● **SOURCE MATERIAL**:
== Segment start ==

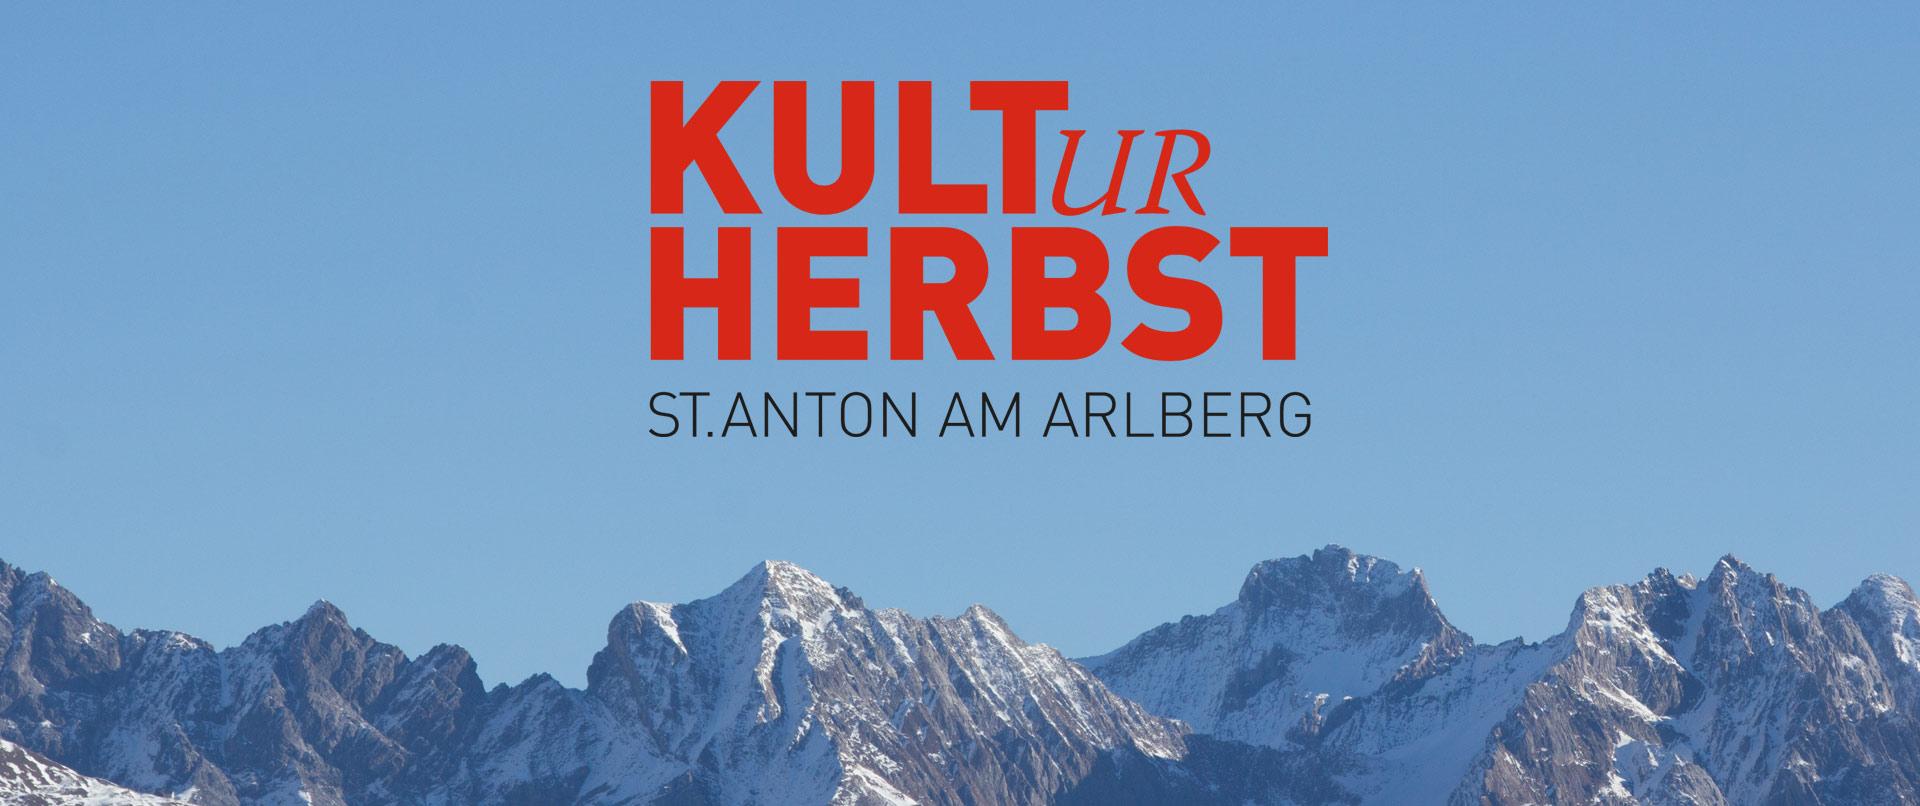 Der KULTurherbst in St. Anton am Arlberg
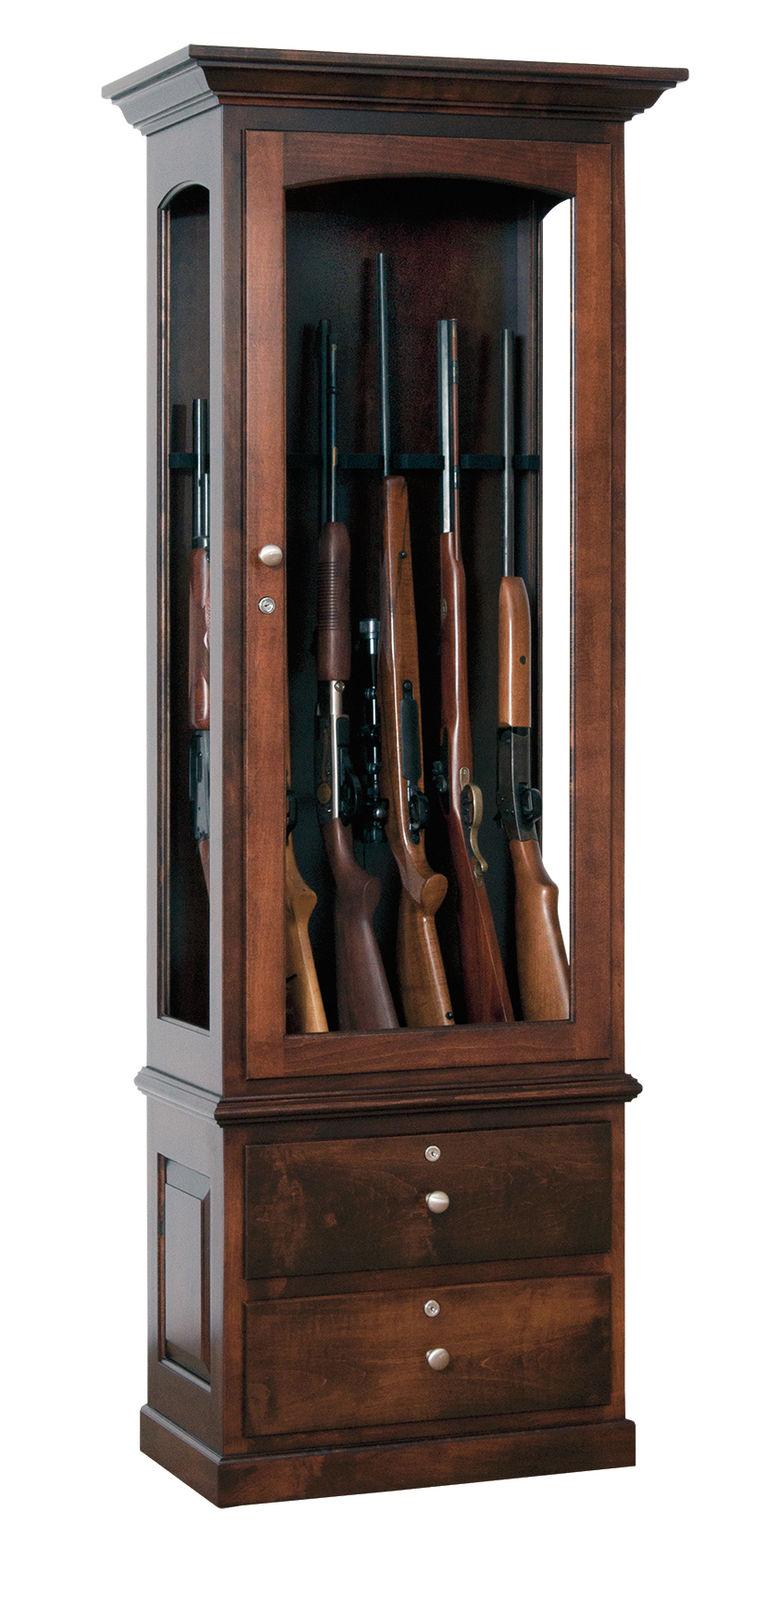 Photo of: JSW 6 Gun Cabinet W/ Drawers
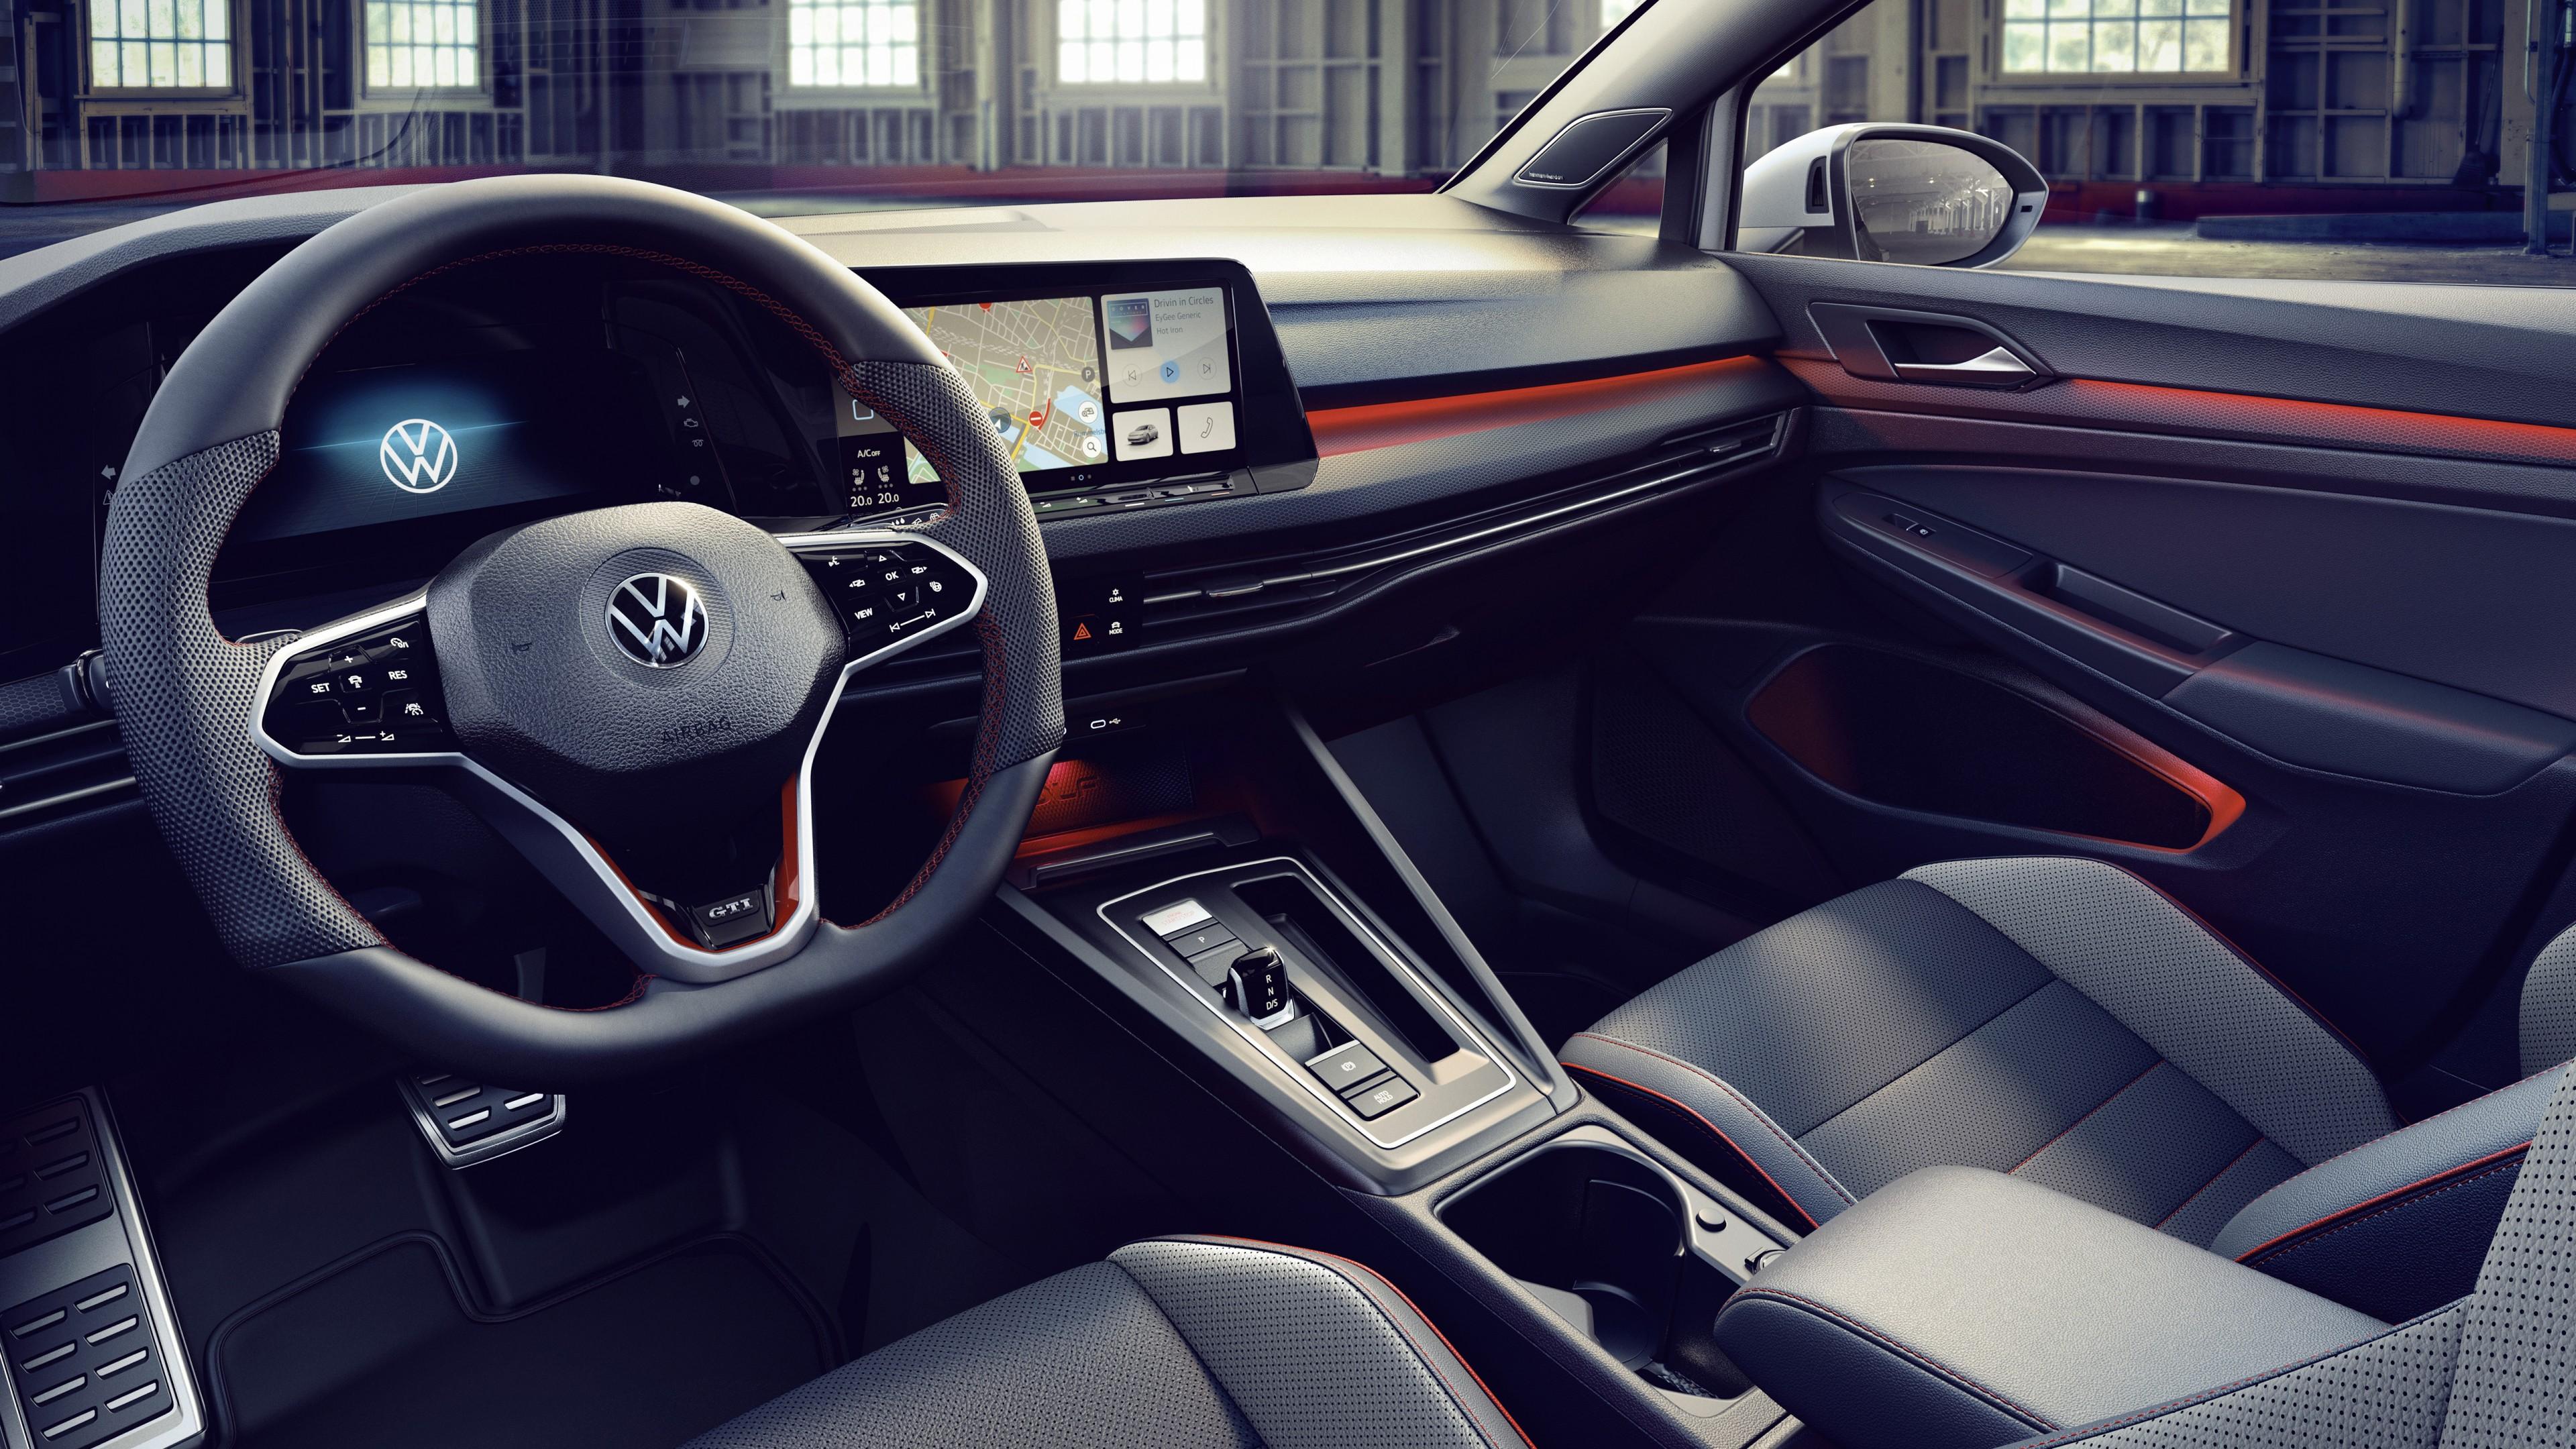 Volkswagen Golf GTI Clubsport 2020 5K Interior Wallpaper ...

== Segment end ==

Leave out every picture, and copy exactly the lines from the line that contains "Photo of: JSW 6 Gun Cabinet W/ Drawers" through the end of the material.

 Photo of: JSW 6 Gun Cabinet W/ Drawers
 Volkswagen Golf GTI Clubsport 2020 5K Interior Wallpaper ...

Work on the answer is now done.